雲霧仁左衛門は頭の良い大盗賊の頭目である。
『奴が、この江戸の街にやって来たのには、きっと大きな働きを企てているに相違ない』と平蔵は心の中で呟いていた。
「おまさ、して、雲霧仁左衛門に関するその情報とは一体なんじゃ。」
「はい。実は仁左衛門の下働きをする 狐火という盗人がすでに江戸の街に潜伏し、江戸の街の両替商を軒並み調べあげているのです。」
「なんじゃと。調べあげているじゃと。それは如何。江戸の街の両替商と言えば、大店ばかり、しかもこの江戸の街なは大名屋敷も多いのじゃ。奴らの働きがあればその被害額は一千両を超えるであろう。これは如何。如何。おまさ、よう言うてくれた。貴重な情報ぞ。それでじゃ、ちと済まんがわしの使いをしてくれるか。」
「はい、何なりと」
「いや、実はなぁ、深川に清左衛門と言う無役の御家人がいる。
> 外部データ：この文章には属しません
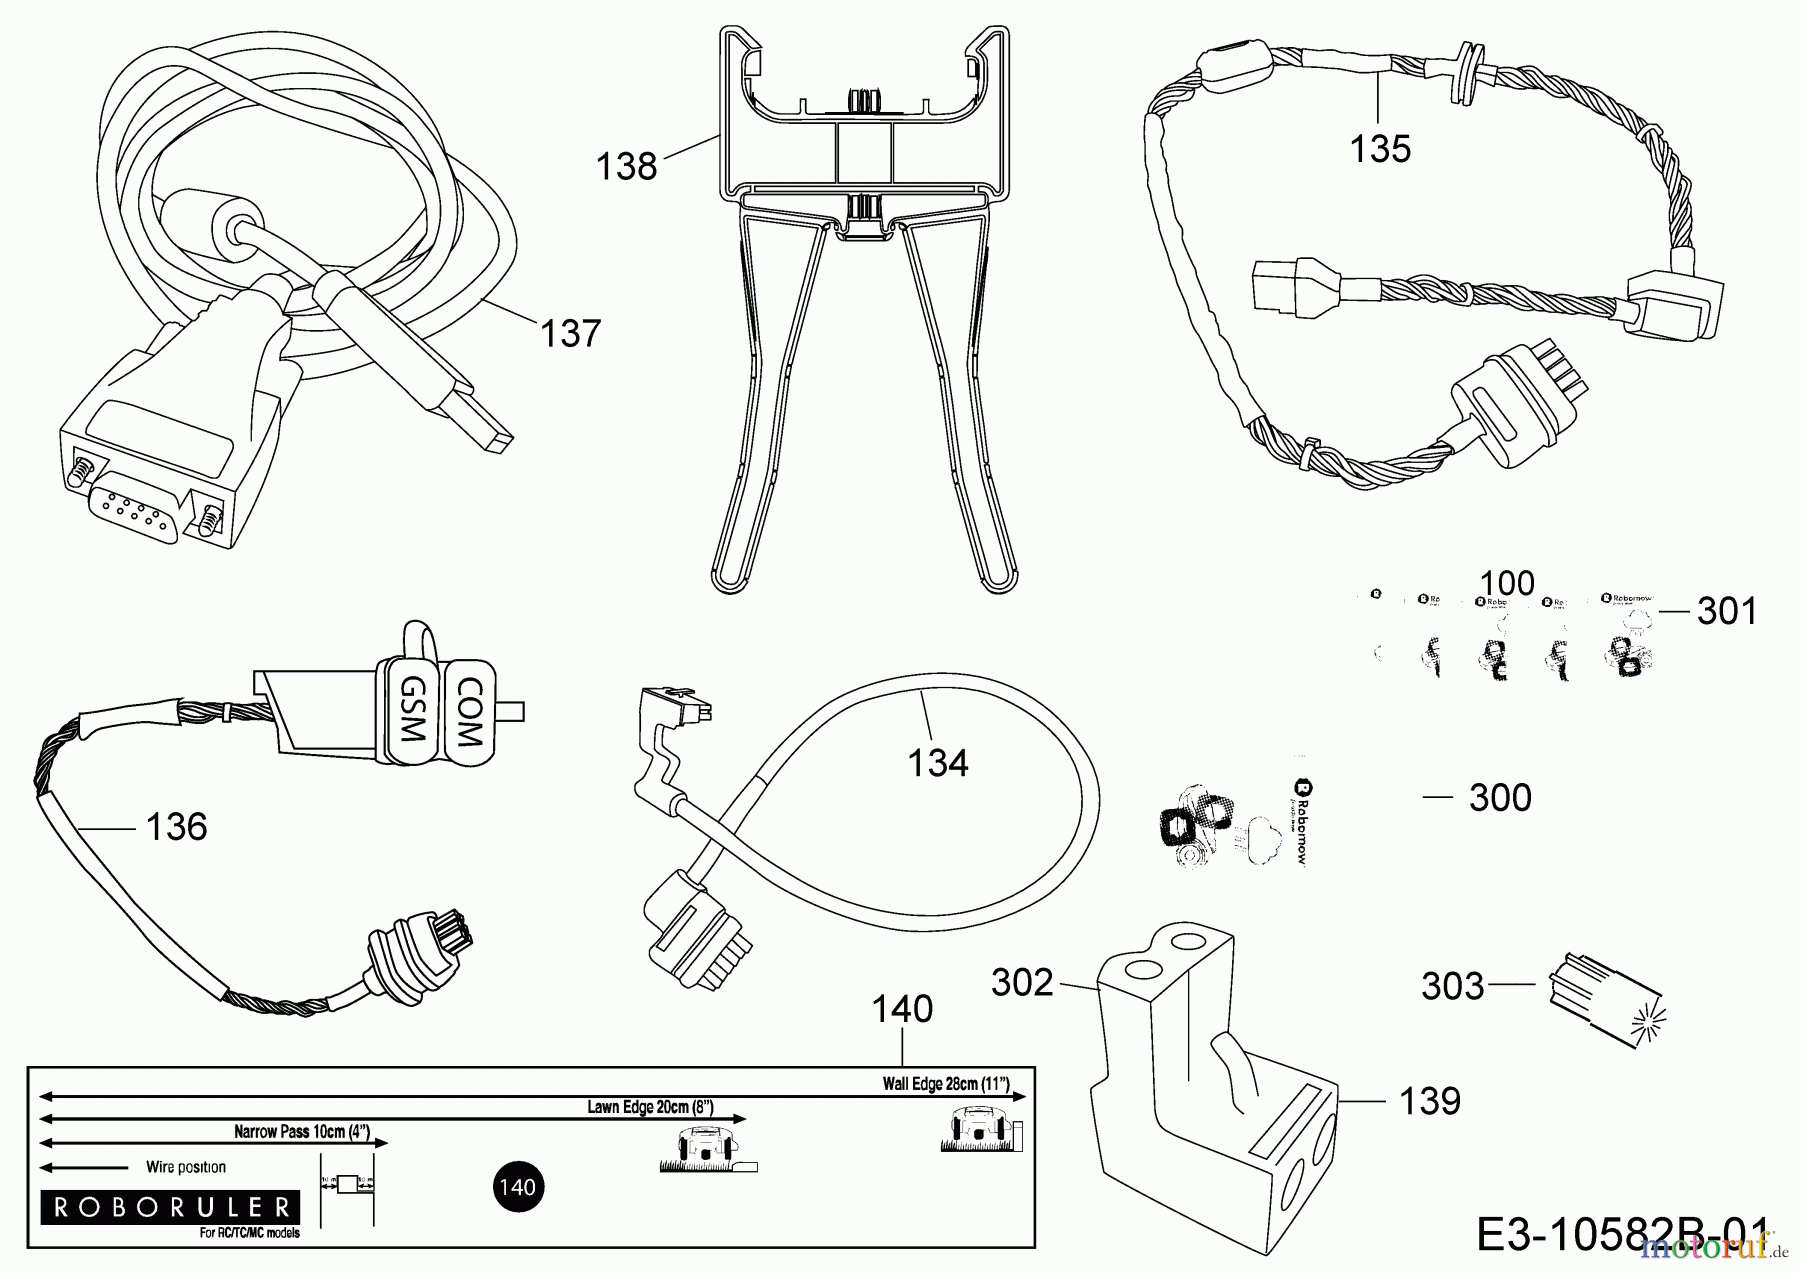  Robomow Mähroboter RC312 PRO PRD7012N  (2016) Kabel, Kabelanschluß, Regensensor, Werkzeug
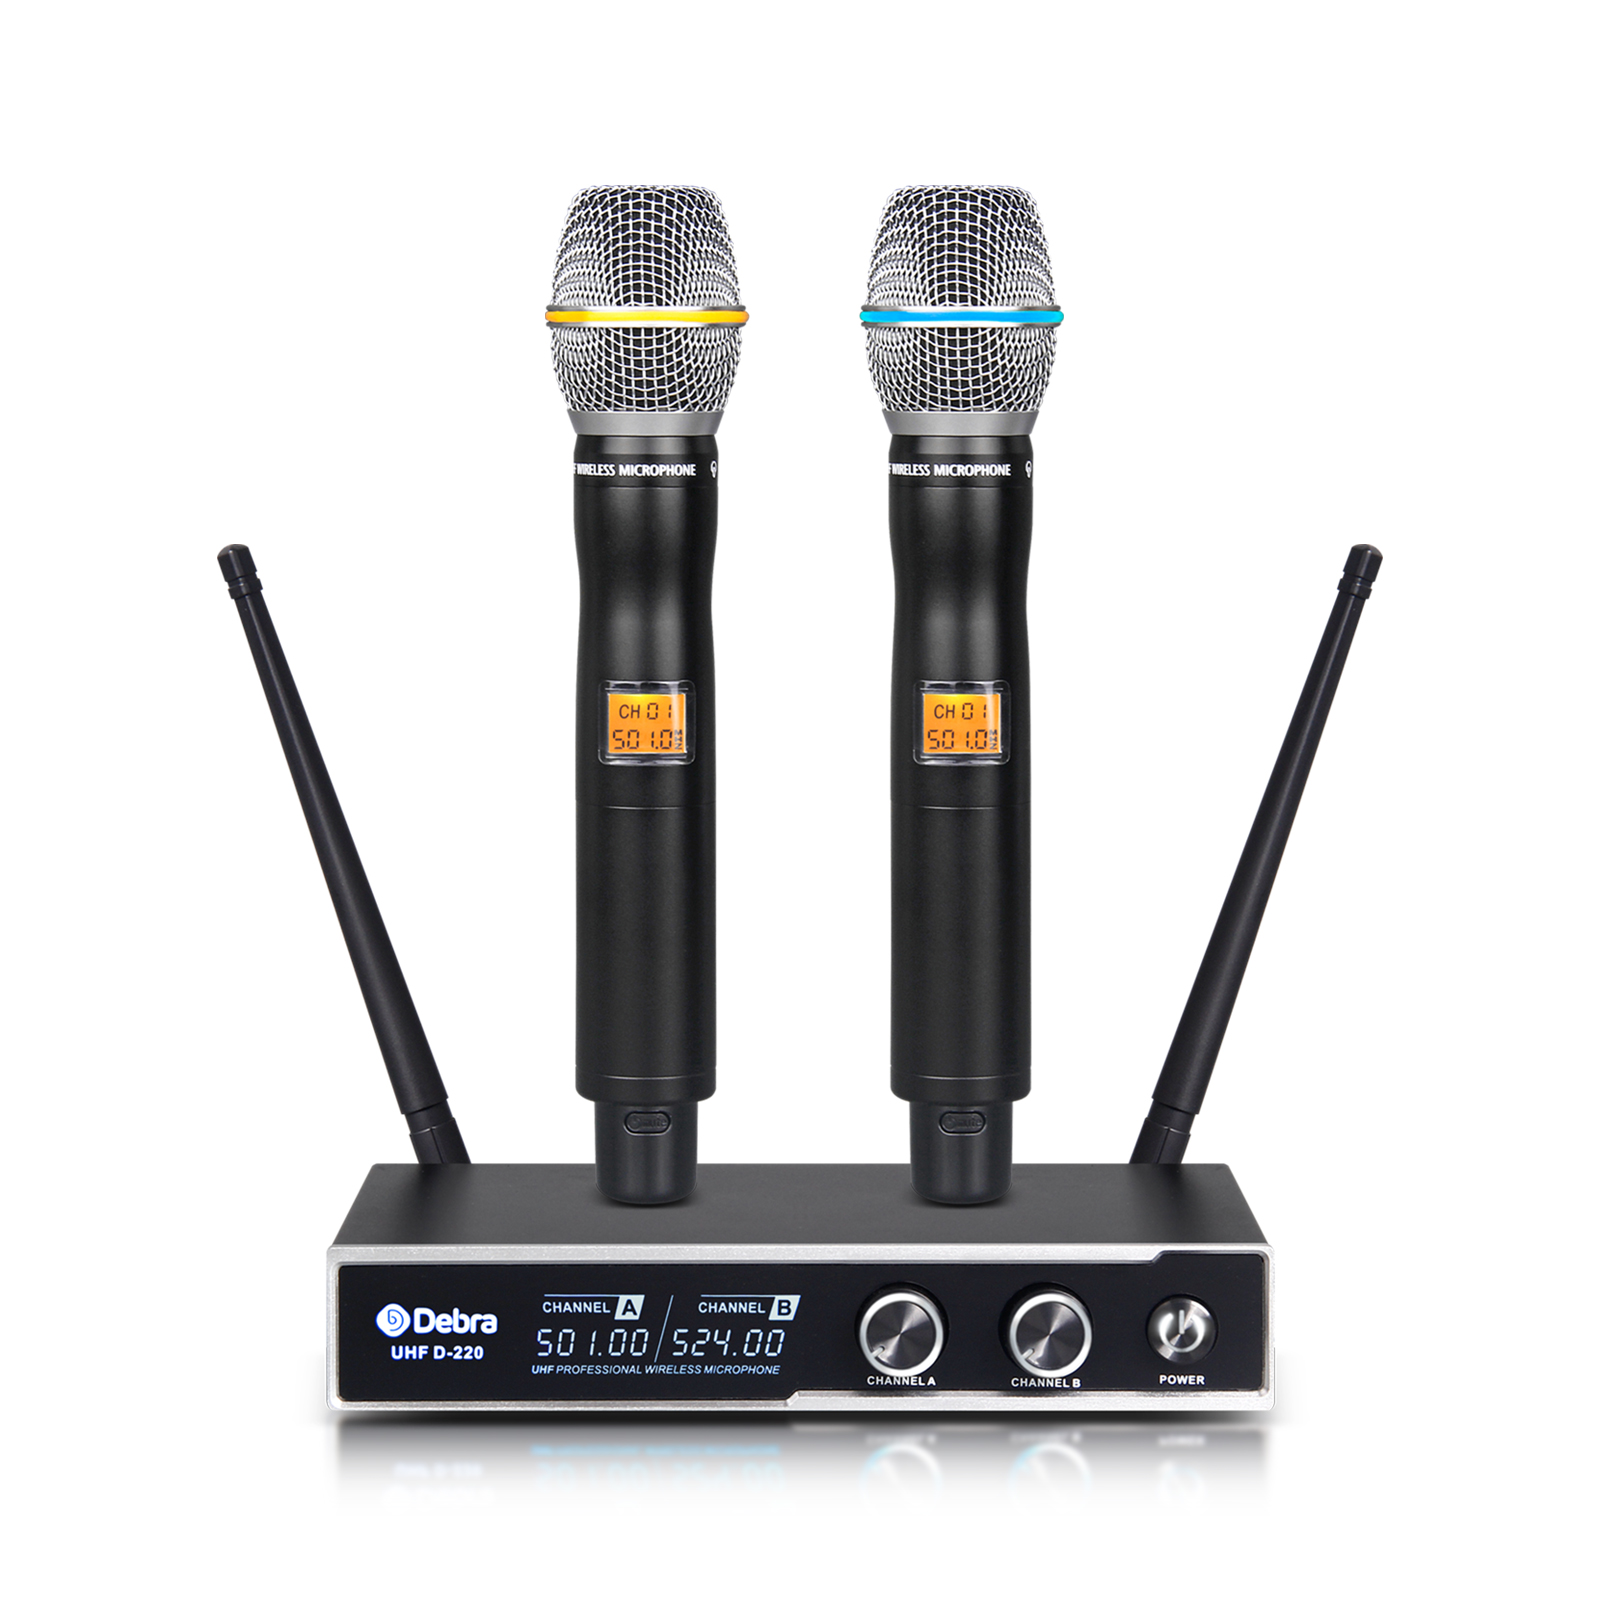 D-220 UHF Wireless Microphone

今の話しをその御家人に伝えてはくれまいか。」
「はい、おやすいご用で。」
「おう、そうか。清左衛門の所へ足を運んでくれるかぁ」
「はい。おやすいご用で。」
「そしてのお、清左衛門にこう言うのじゃ。『平蔵が頼りにしておる』と、ただこれだけでよい。すれば、頭の良い清左衛門のことよ。わしの所へ来るであろうよ。」
「はい、承知しました。長官のお言葉、しかと、清左衛門殿にお伝えします。」
「おう、そうか、そうか、おまさ頼んだそぞ。おう、そうじゃ、おまさ、夕食は未だであろう。今膳を用意させるから、わたしと一緒に食べようぞ。今宵は世間話しでもしようぞ。たまにはおまさの事聞きたいからなぁ。おーい、久栄、膳じゃあ、膳じゃあ、今宵はおまさも一緒じゃあ、おーい。久栄。」
「はーい、今すぐに膳をお持ちします。」
平蔵宅の一コマである。
かくして、清左衛門は平蔵と一緒に盗賊の頭目•雲霧仁左衛門と一戦を交えることになるのである。
雲霧仁左衛門は『剣の腕に覚えあり』という剣の達人であった。